Division de Ingenierias, Campus Irapuato-Salamanca, Universidad de Guanajuato / Carr. Salamanca-Valle km 3.5+1.8, Comunidad de Palo
Blanco, 36700 Salamanca, Guanajuato, Mexico. {e.cabal-yepez@gmail.com}
Abstract— Digital filtering is a key step of image processing in
many applications. Due to its importance in this work a
general FPGA-based reconfigurable architecture for real-time,
online image filtering in the frequency domain is presented.
The proposed FPGA-based implementation is portable to
distinct platforms from different vendors. Obtained results
from different study cases show the high capability and
performance of the proposed hardware implementation by
applying any user designed filtering operation on an image,
and outperforming by two orders of magnitude its software
implementation counterpart.
Keywords- 2D-FFT; Frequency domain; FPGA; Generic
architecture; Image filtering; Real-time image processing.
I. INTRODUCTION
The two-dimensional Fast Fourier transform (2D-FFT)

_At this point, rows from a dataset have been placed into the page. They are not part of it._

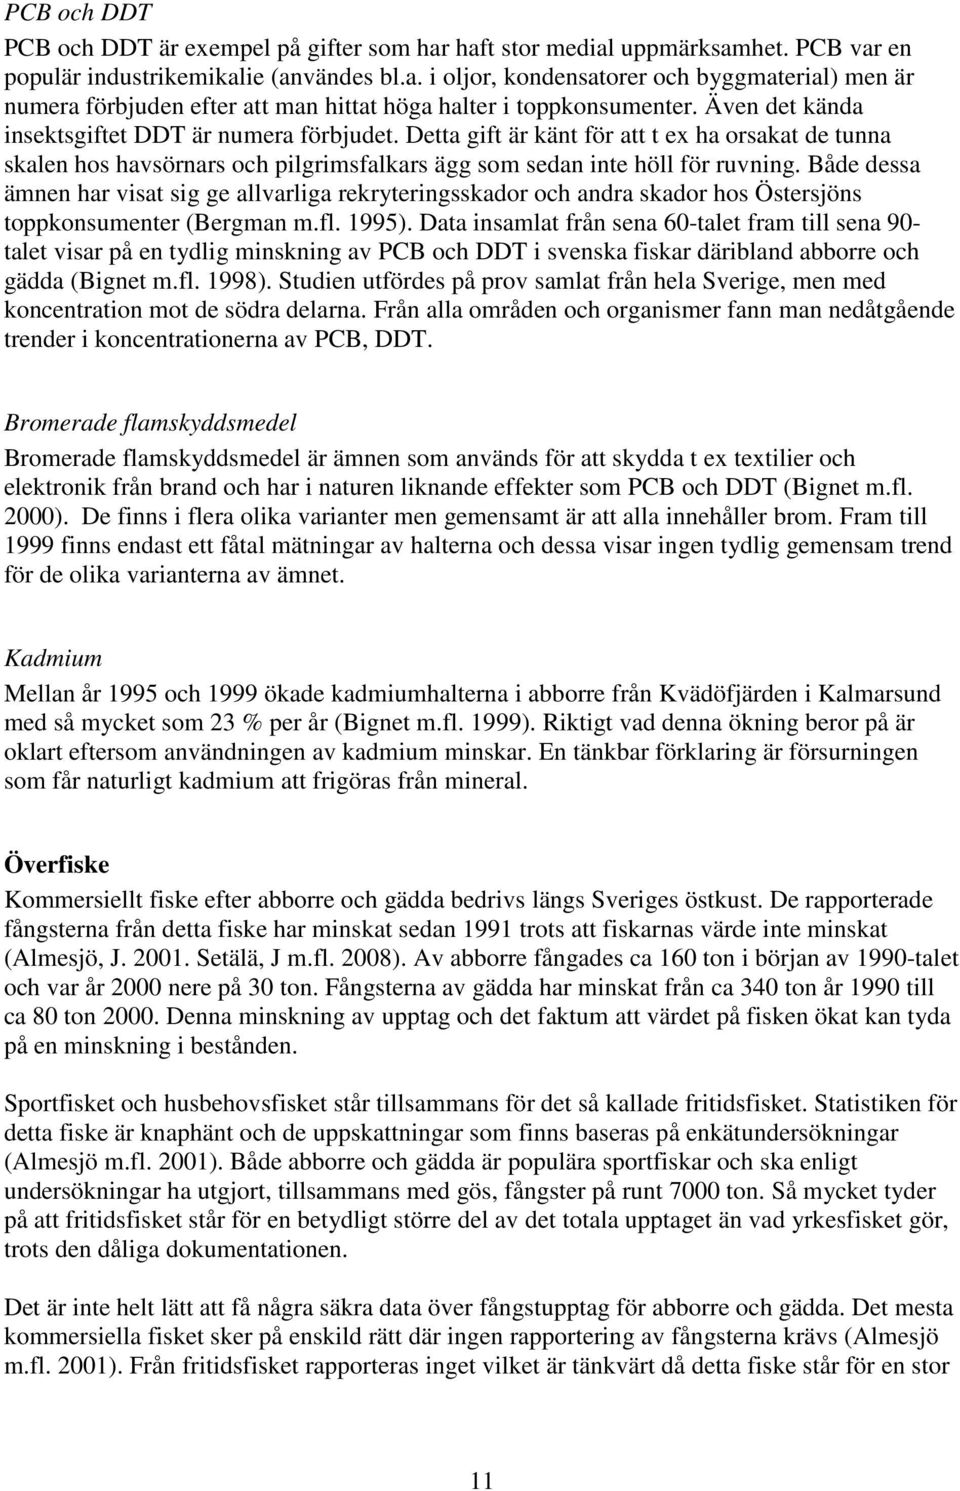 Både dessa ämnen har visat sig ge allvarliga rekryteringsskador och andra skador hos Östersjöns toppkonsumenter (Bergman m.fl. 1995).
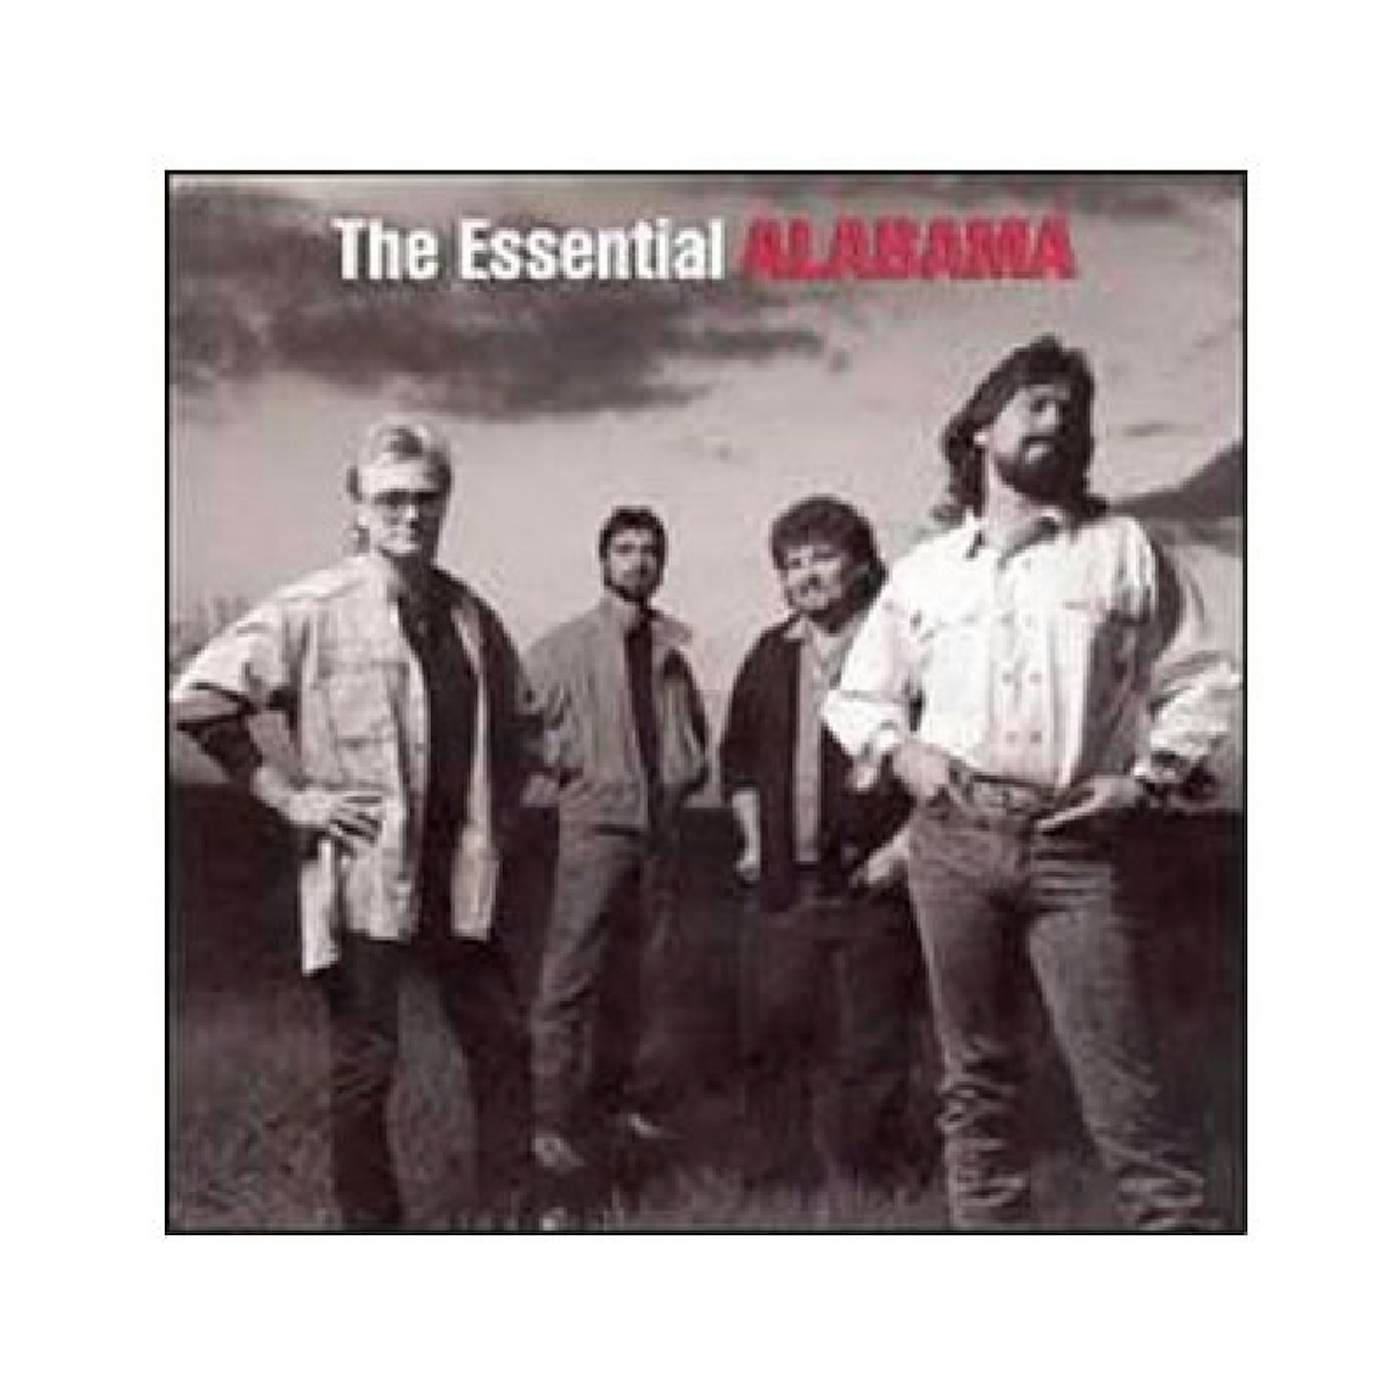 Alabama 2 CD set- The Essential
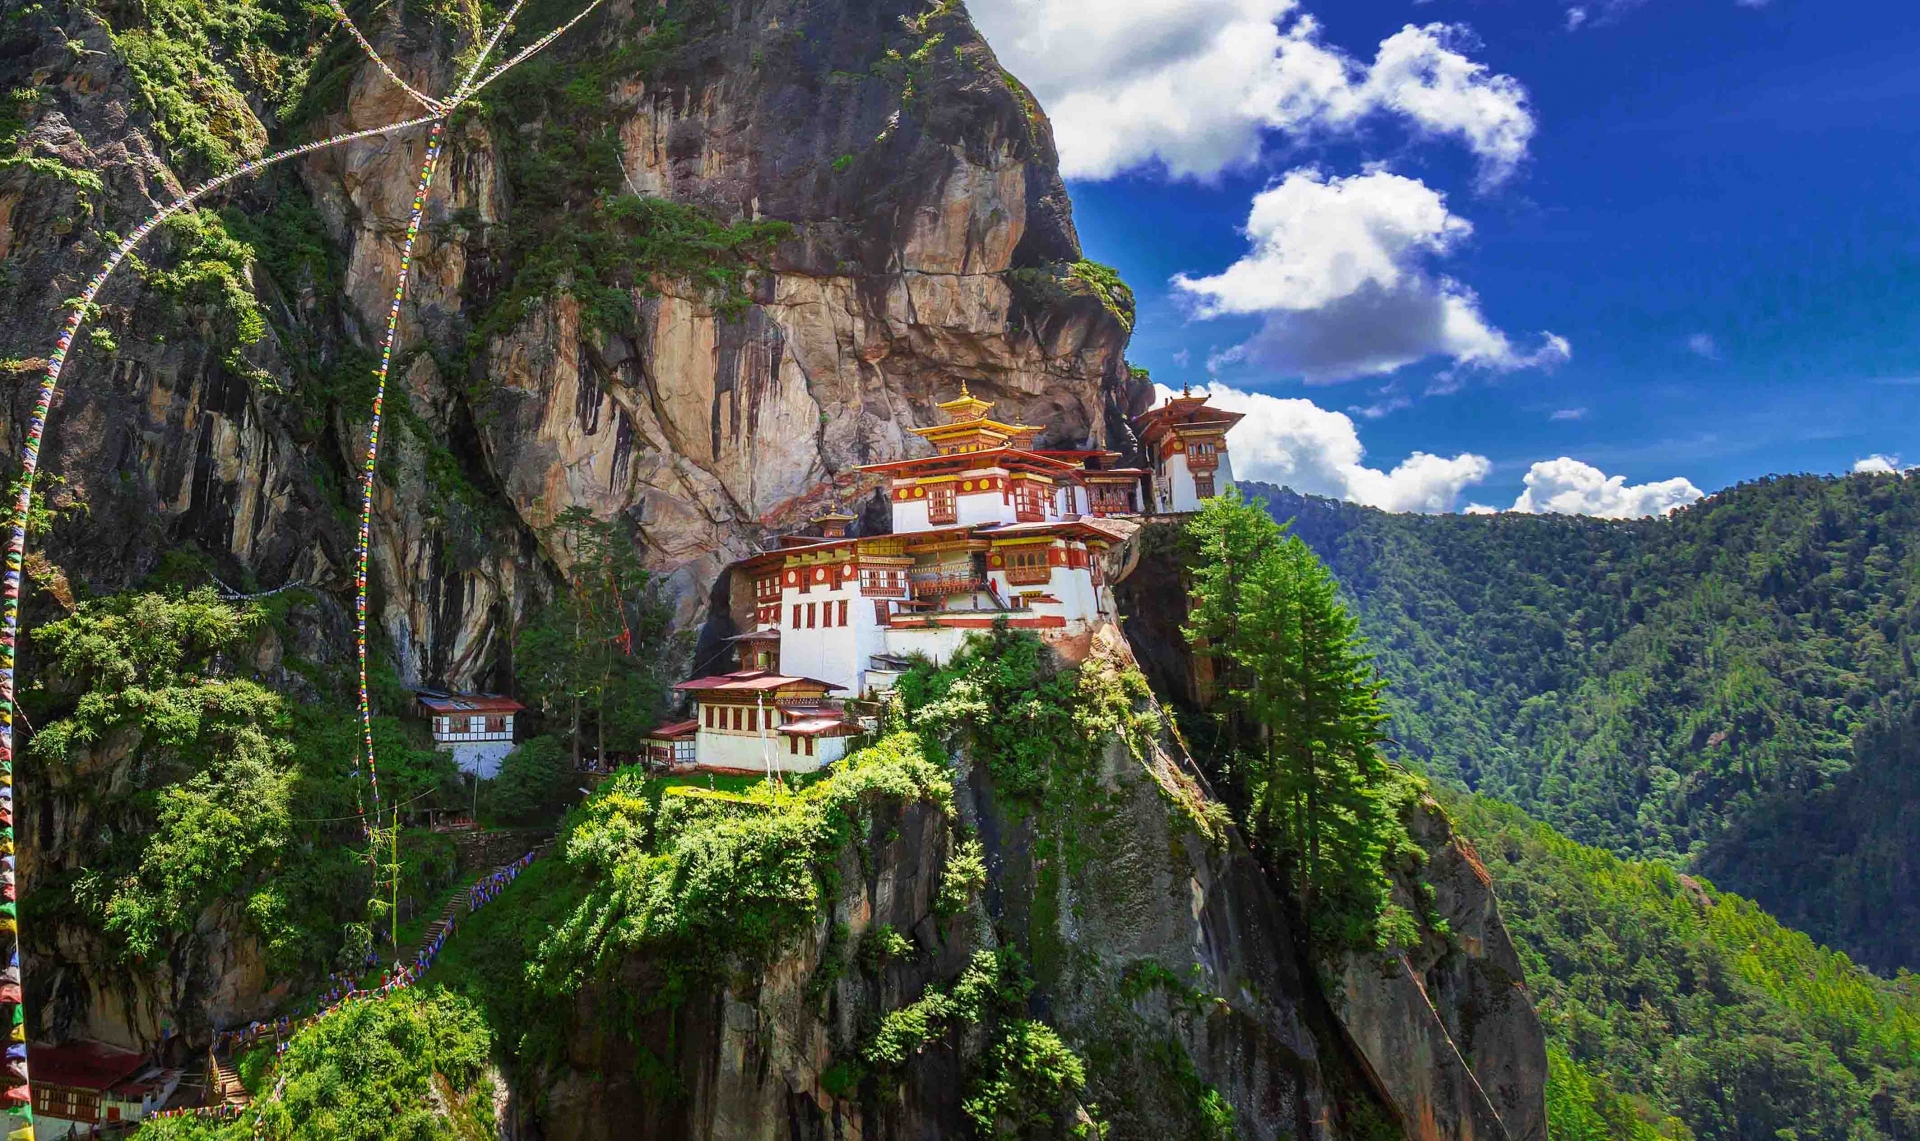 Tu viện Taktsang: Tu viện mang tính biểu tượng, điểm đến ai cũng muốn ghé ở Bhutan  - Ảnh 1
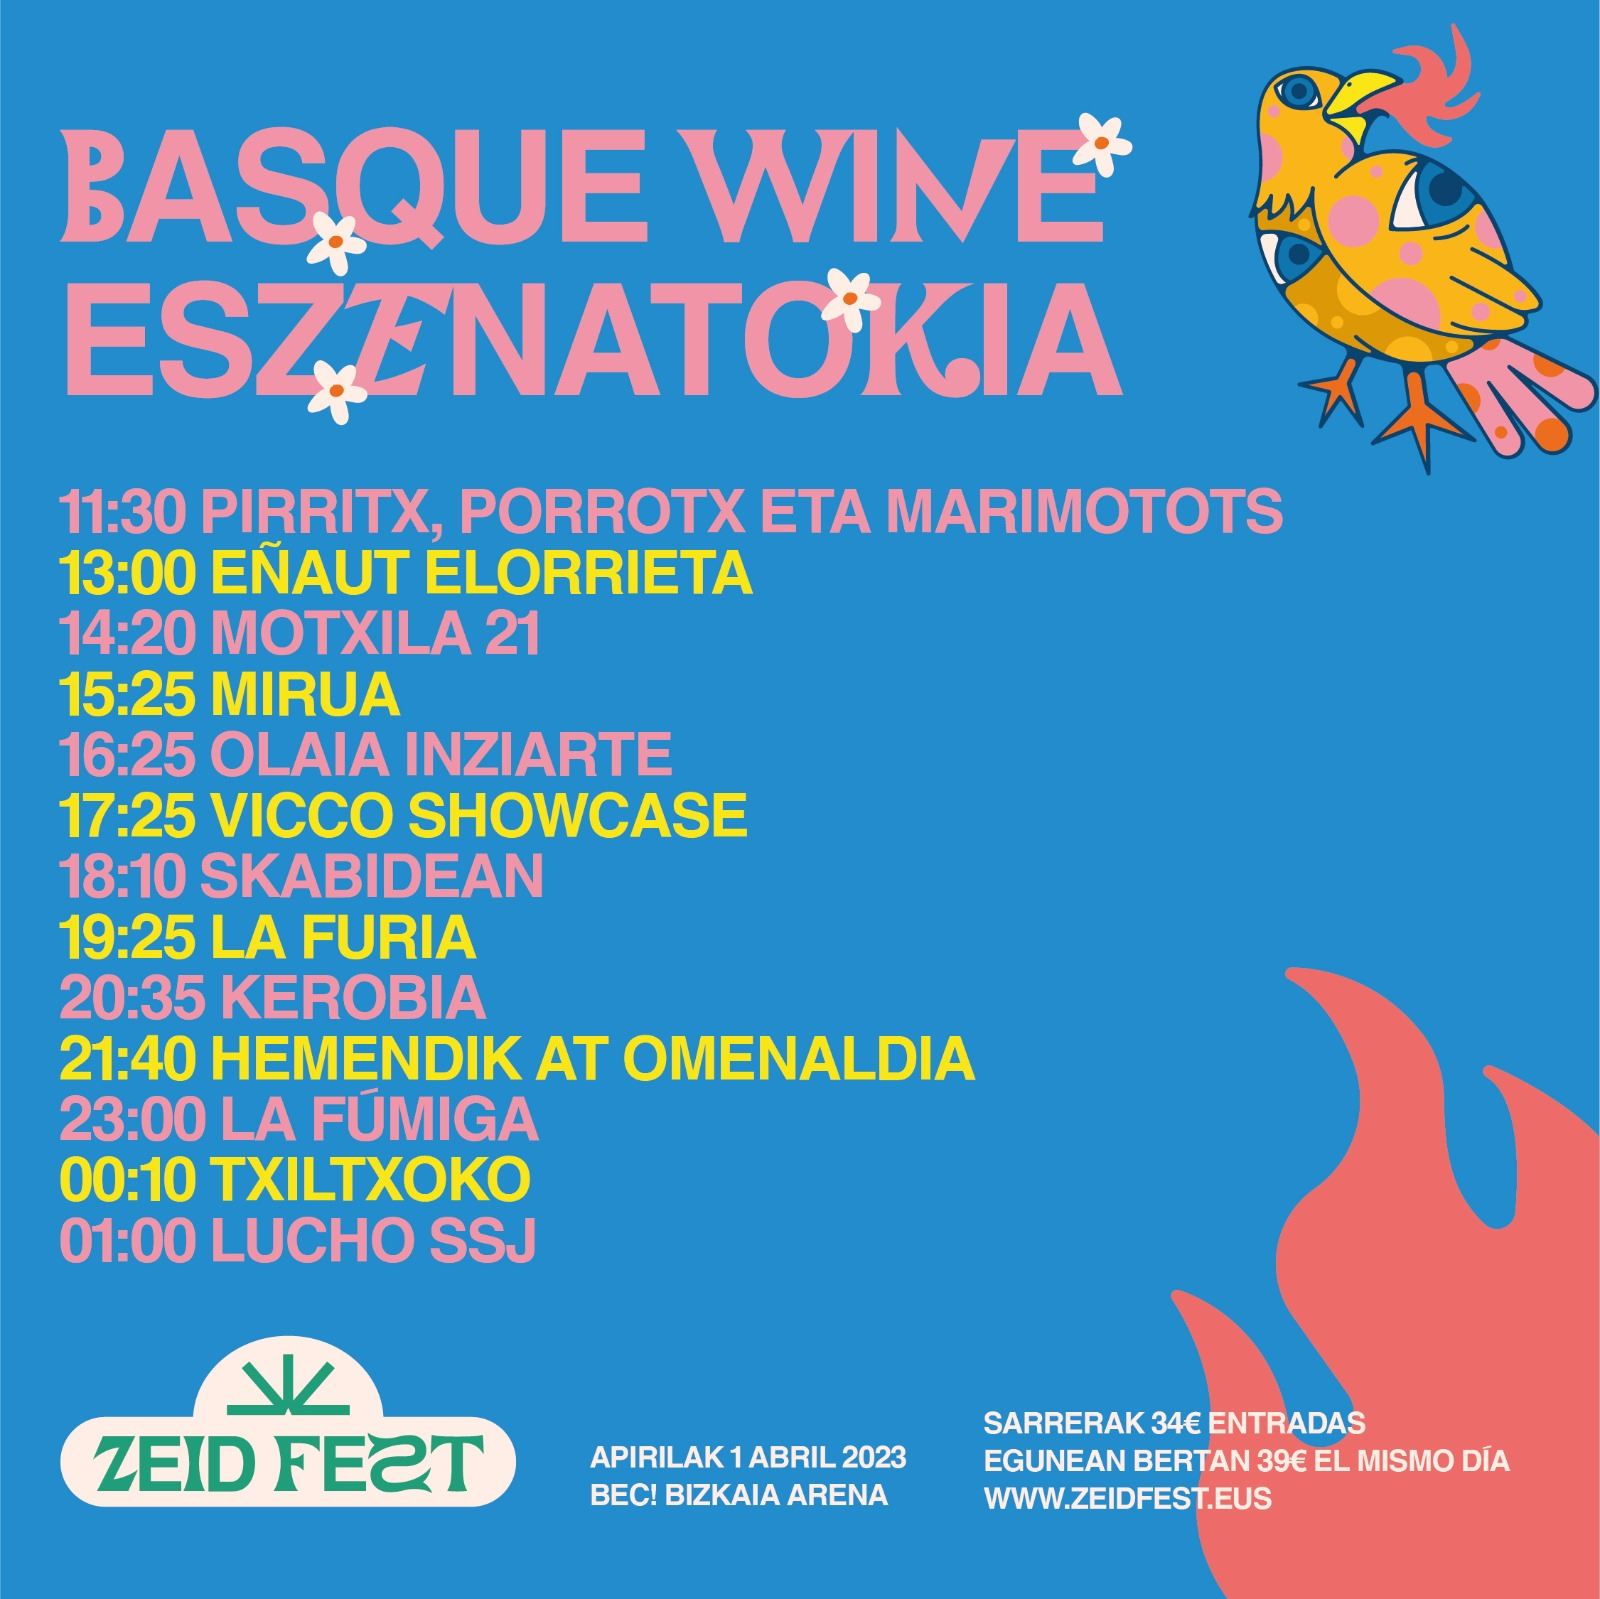 Basque Wine eszenatokia
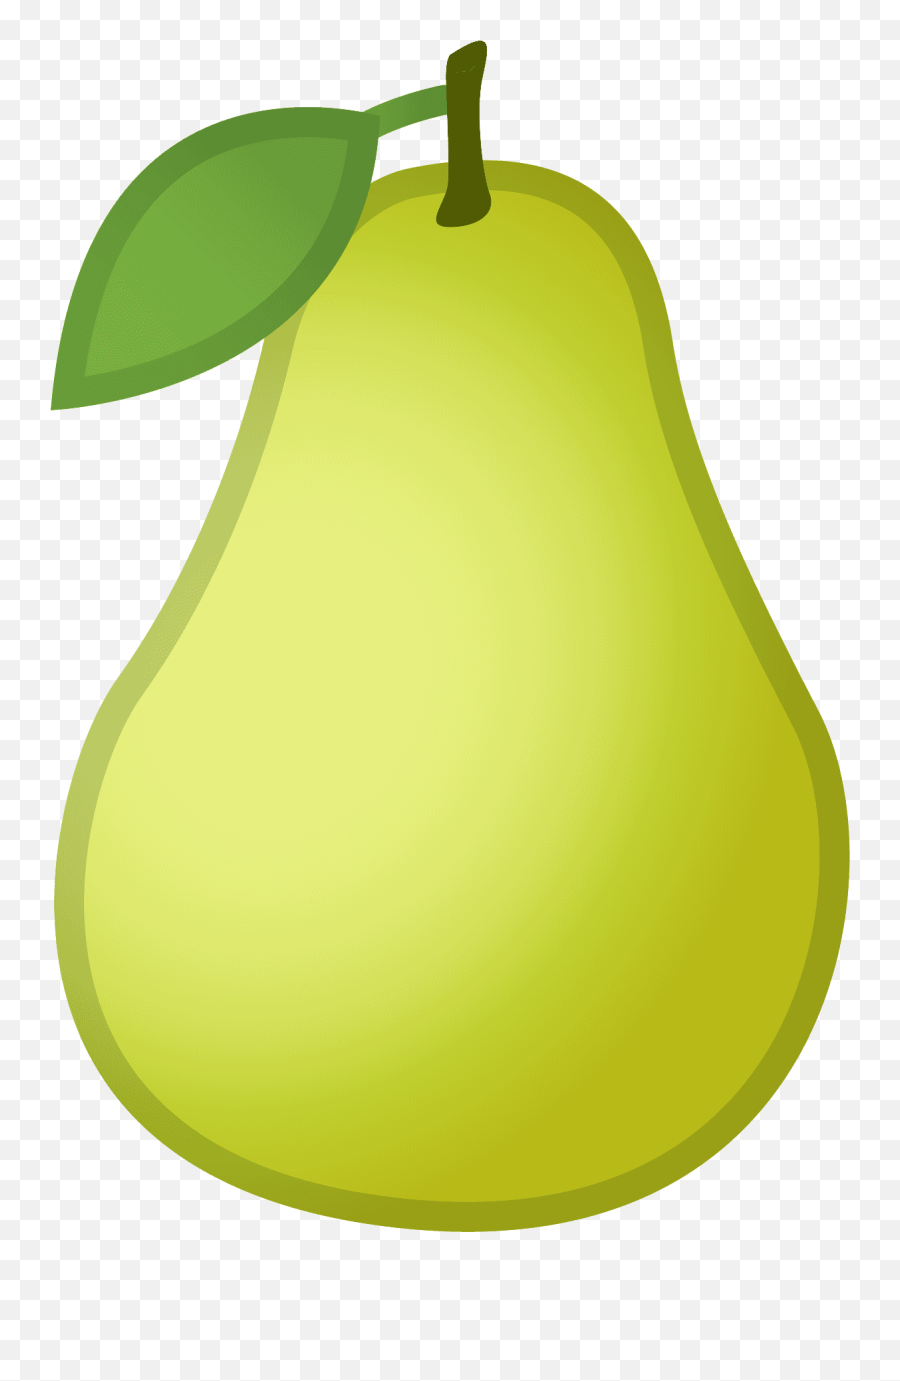 Pear Emoji - Pear Icon,Fruit Emoji

and its inverse (2D-IFFT) play an important role in digital
image processing to provide filtering solutions for many
applications as robotics, optics, telecommunications, and
bio-imaging, among others. Nowadays, filtering is utilized
for image processing operations like denoising, edge
detection, recognition, segmentation, smoothing, and
restoration [1], [2]. For instance, in [3], meteorological
images are filtered utilizing the Fourier transform to predict
storms by analyzing the frequency contents in an image
taken by a satellite. In [4], different types of digital filters
namely average filter, median filter, and wiener filter are
described and compared for removing noise present in
transmission electron microscopy images of nanomaterials.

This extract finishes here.